Among the entries below, take the line with "Single Family Home" and the line with "homemade ketchup and fries", and output them and every line between them exactly, with nothing else.

*** Opening DATA FOR THE TASK ***

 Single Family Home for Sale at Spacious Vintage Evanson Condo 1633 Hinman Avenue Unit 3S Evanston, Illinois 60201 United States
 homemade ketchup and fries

*** Closing DATA FOR THE TASK ***
*** Opening DATA FOR THE TASK ***

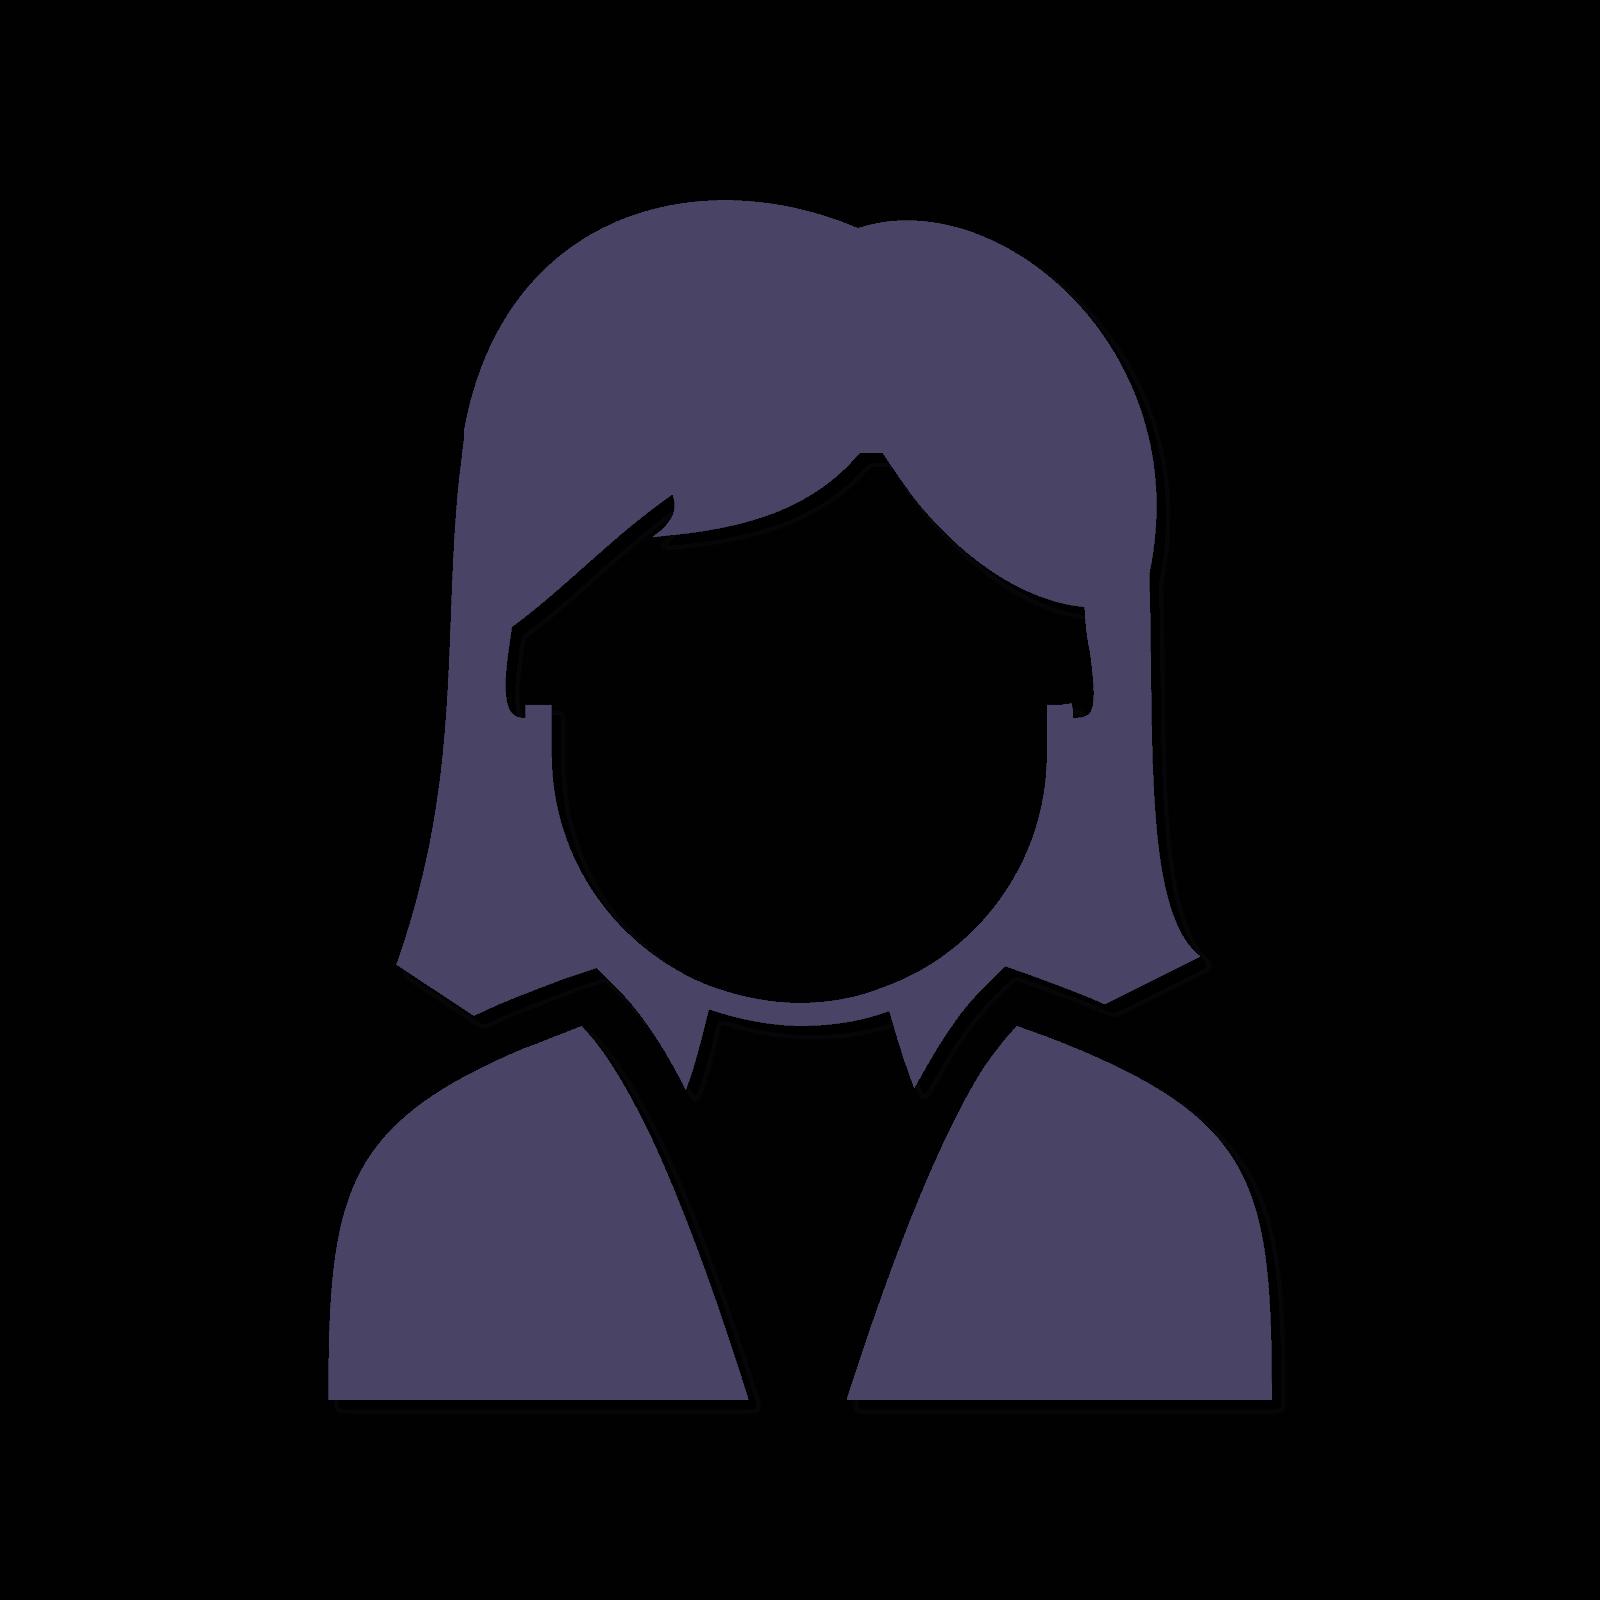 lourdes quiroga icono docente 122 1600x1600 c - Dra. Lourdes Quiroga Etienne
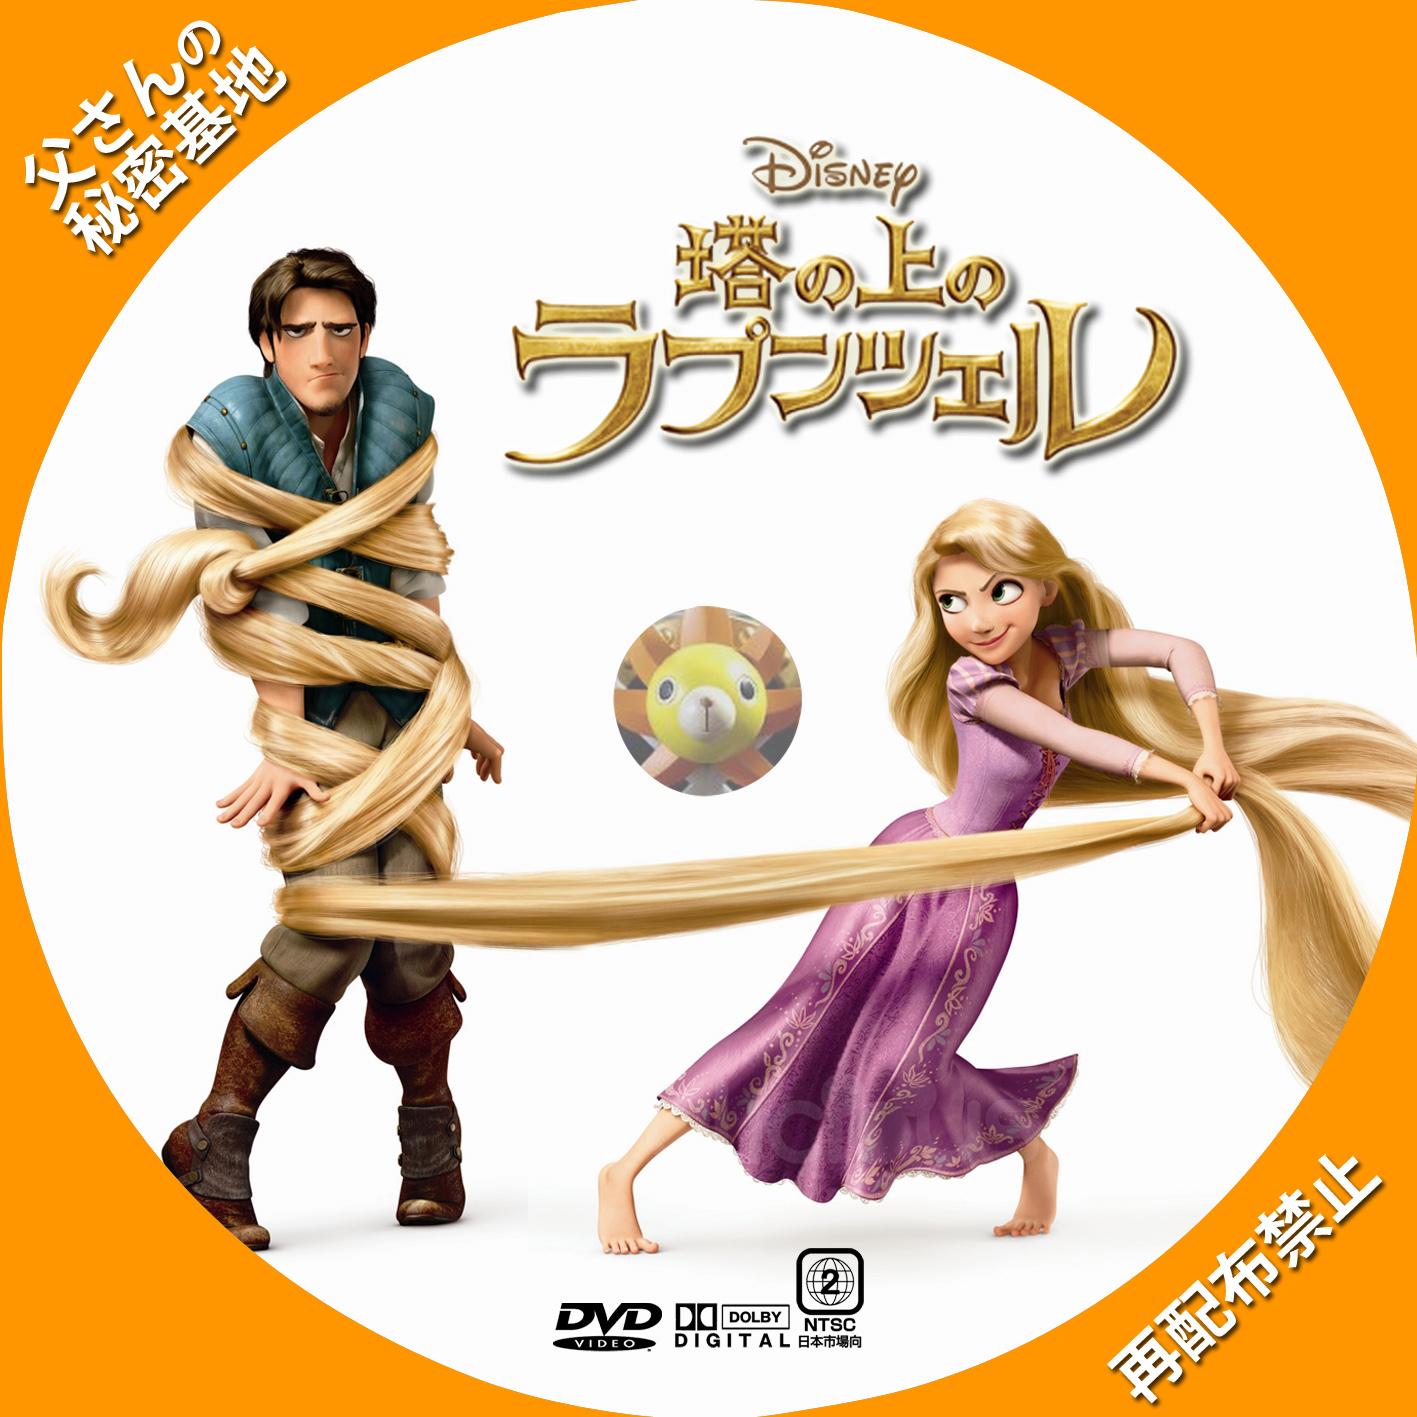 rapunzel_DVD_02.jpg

*** Closing DATA FOR THE TASK ***

§ THE ANSWER:
 Single Family Home for Sale at Spacious Vintage Evanson Condo 1633 Hinman Avenue Unit 3S Evanston, Illinois 60201 United States
 homemade ketchup and fries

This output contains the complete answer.